Following daily dosing, dutasteride serum concentrations achieve 65% of steady-state concentration after 1 month and approximately 90% after 3 months. Steady-state serum concentrations (C_ss) of approximately 40 ng/mL are achieved after 6 months of dosing 0.5 mg once daily. Similarly to serum, dutasteride concentrations in semen achieved steady-state at 6 months. After 52 weeks of therapy, semen dutasteride concentrations averaged 3.4 ng/mL (range 0.4-14 ng/mL).

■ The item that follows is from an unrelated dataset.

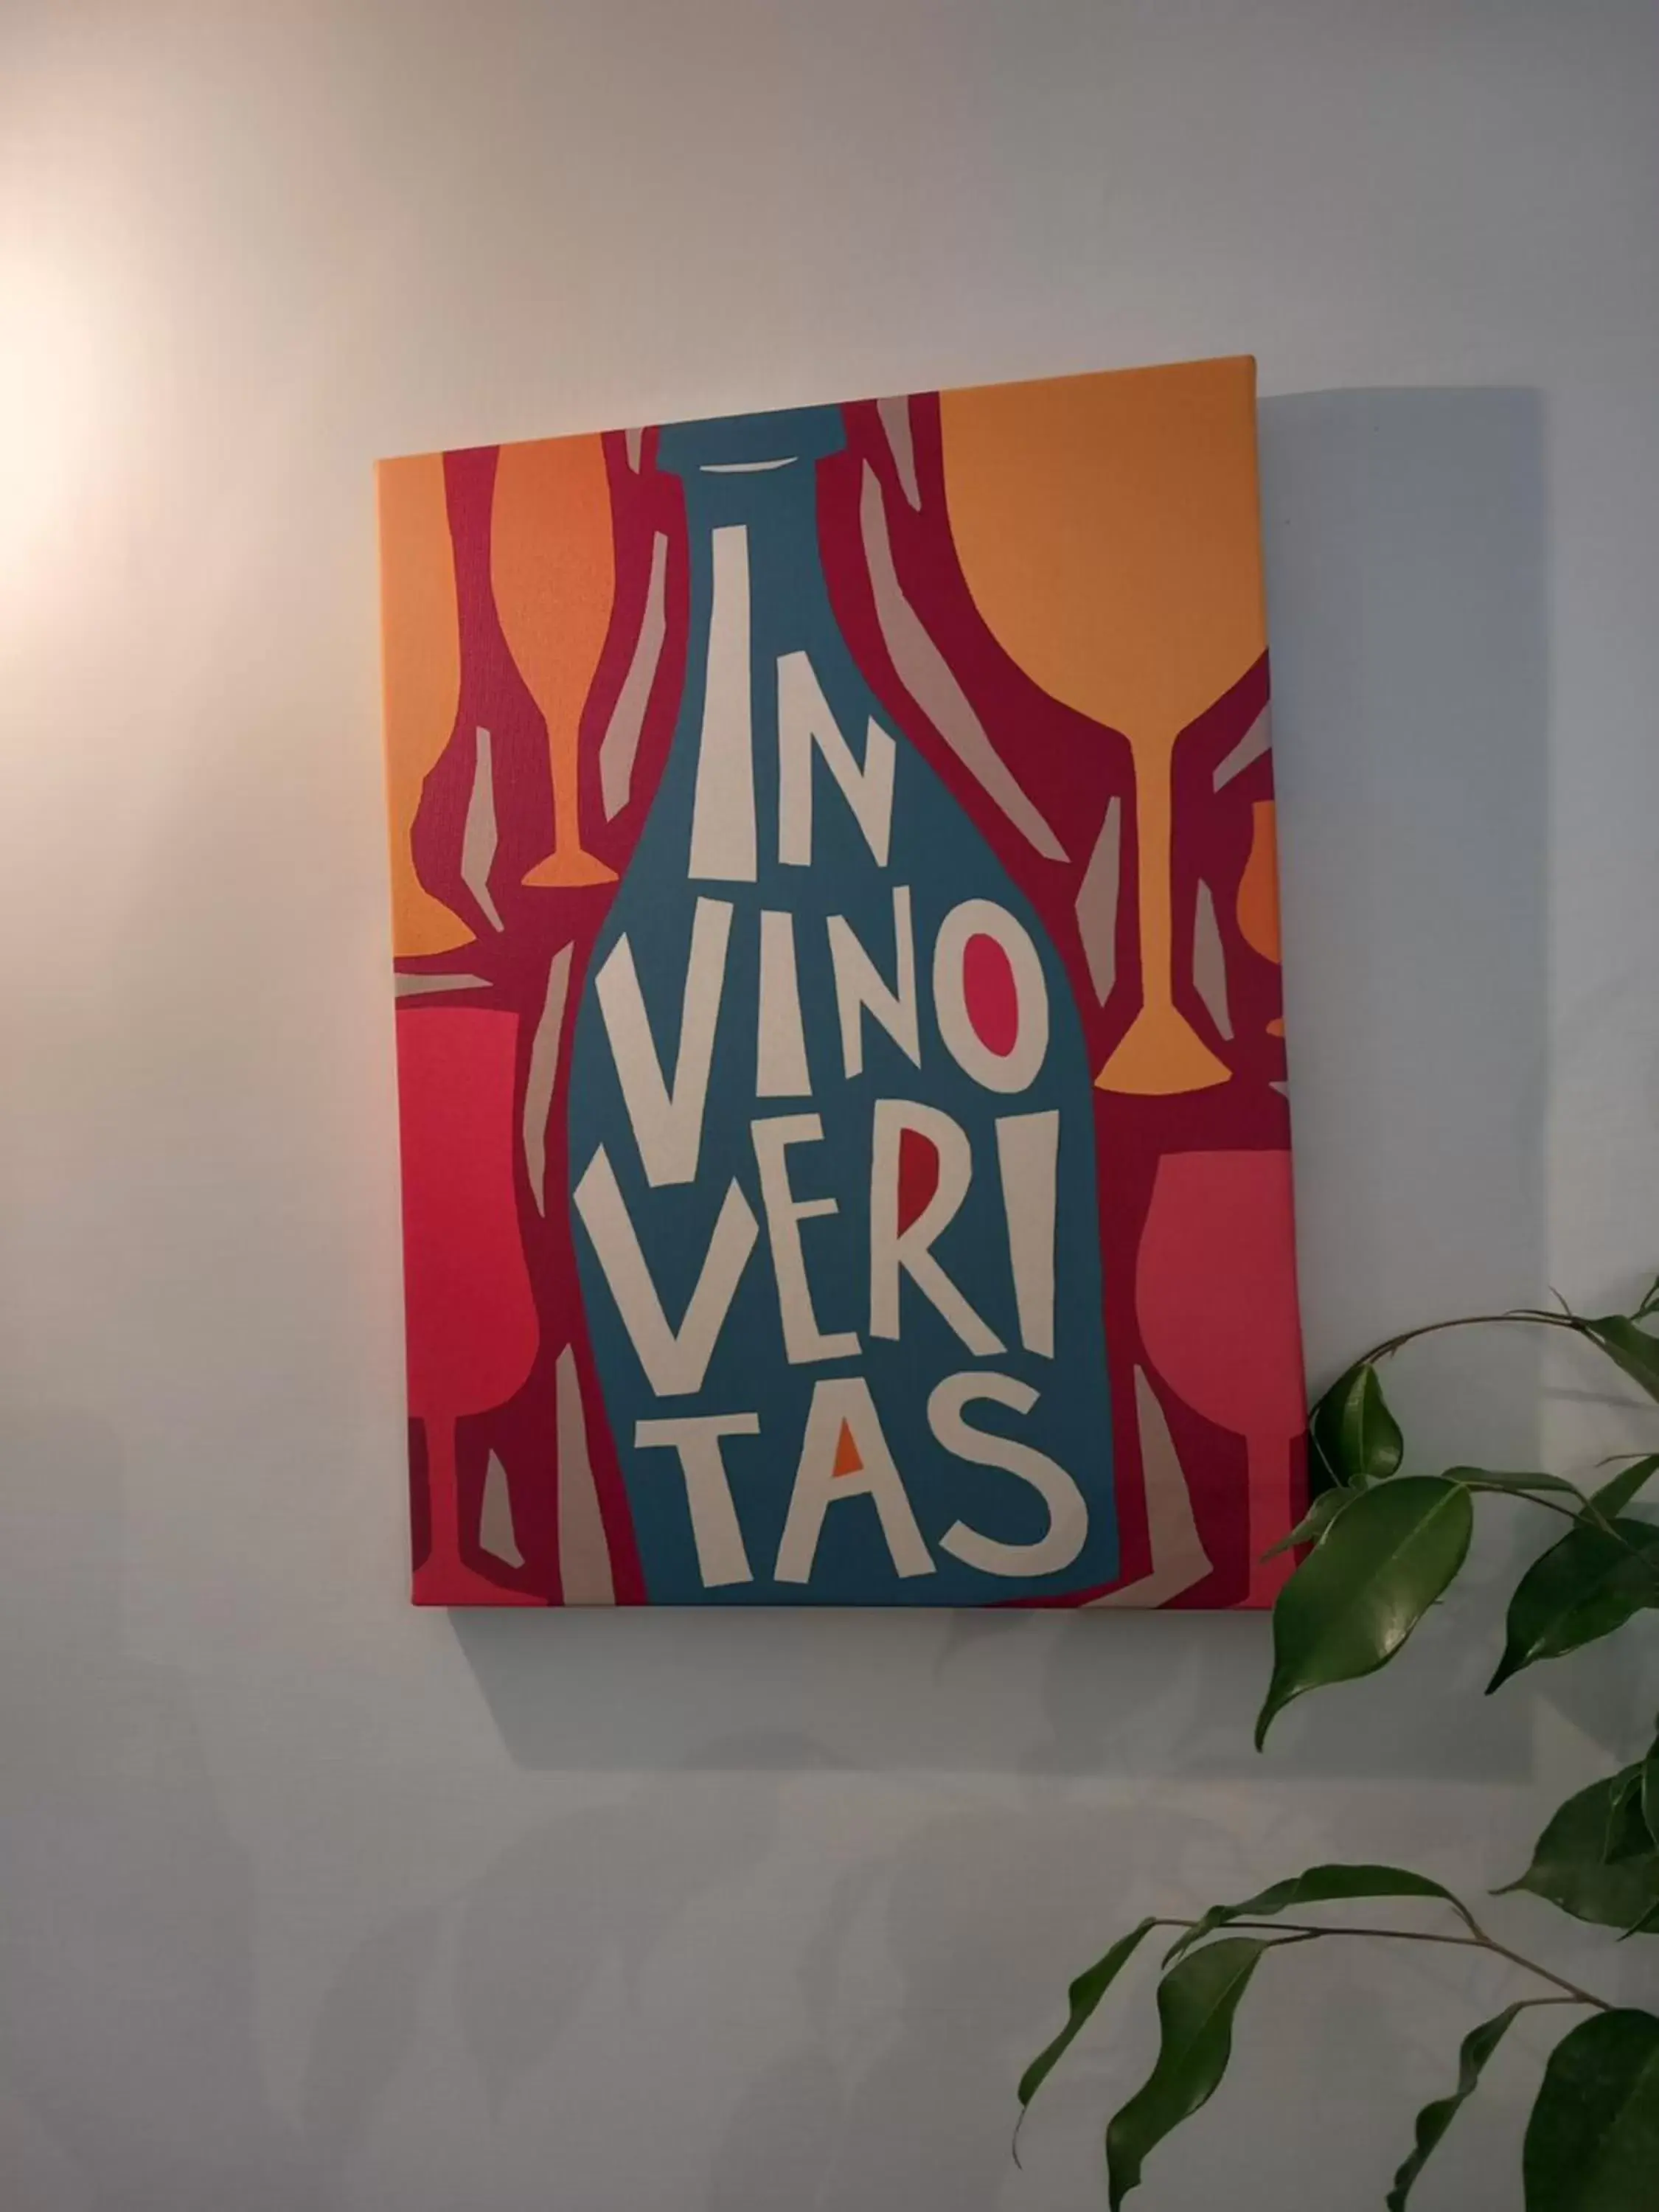 Property logo or sign in In Vino Veritas

Dutasteride partitioning from serum into semen averaged 11.5%.
Biotransformation: In vitro, dutasteride is metabolized by the human cytochrome P-450 isoenzyme CYP3A4 to 2 minor monohydroxylated metabolites, but it is not metabolized by CYP1A2, CY2A6, CYP2E1, CYP2C8, CYP2C9, CYP2C19, CYP2B6 or CYP2D6.
In human serum, following dosing to steady-state, unchanged dutasteride, 3 major metabolites (4'-hydroxydutasteride, 1,2-dihydrodutasteride and 6-hydroxydutasteride) and 2 minor metabolites (6,4'-dihydroxydutasteride and 15-hydroxydutasteride), as assessed by mass spectrometric response, have been detected. The 5 human serum metabolites of dutasteride have been detected in rat serum, however, the stereochemistry of the hydroxyl additions at the 6 and 15 positions in the human and rat metabolites is not known.
Elimination: Dutasteride is extensively metabolized. Following oral dosing of dutasteride 0.5 mg/day to steady-state in humans, 1-15.4% (mean of 5.4%) of the administered dose is excreted as dutasteride in the faeces. The remainder is excreted in the faeces as 4 major metabolites comprising 39, 21, 7 and 7% each of drug-related material and 6 minor metabolites (<5% each).
Only trace amounts of unchanged dutasteride (<0.1% of the dose) are detected in human urine.
At therapeutic concentrations, the terminal half-life (t½) of dutasteride is 3-5 weeks.
Serum concentrations remain detectable (>0.1 ng/mL) for up to 4-6 months after discontinuation of treatment.
Linearity/Non-Linearity: Dutasteride pharmacokinetics can be described as 1st order absorption process and 2 parallel elimination pathways, 1 saturable (concentration-dependent) and 1 non-saturable (concentration-independent).
At low serum concentrations (<3 ng/mL), dutasteride is cleared rapidly by both the concentration-dependent and concentration-independent elimination pathways. Single doses of ≤5 mg showed evidence of rapid clearance and a short half-life of 3-9 days.
At serum concentrations >3 ng/mL, dutasteride is cleared slowly (0.35-0.58 L/hr) primarily by linear, non-saturable elimination with terminal half-life of 3-5 weeks. At therapeutic concentrations, following repeat dosing of 0.5 mg/day, the slower clearance dominates and the total clearance is linear and concentration-independent.
Elderly: Dutasteride pharmacokinetics and pharmacodynamics were evaluated in 36 healthy male subjects 24-87 years following administration of a single 5-mg dose of dutasteride. Exposure of dutasteride, represented by AUC and C_max values, was not statistically different when comparing age groups. Half-life was not statistically different when comparing the 50- to 69-year old group to the >70-year old group, which encompasses the age of most men with BPH. No differences in drug effect as measured by DHT reduction were observed between age groups. Results indicated that no dutasteride dose-adjustment based on age is necessary.
Renal Impairment: The effect of renal impairment on dutasteride pharmacokinetics has not been studied. However, <0.1% of a steady-state dutasteride 0.5-mg dose is recovered in human urine, so no adjustment in dosage is anticipated for patients with renal impairment.
Hepatic Impairment: The effect on the pharmacokinetics of dutasteride in hepatic impairment has not been studied (see Precautions).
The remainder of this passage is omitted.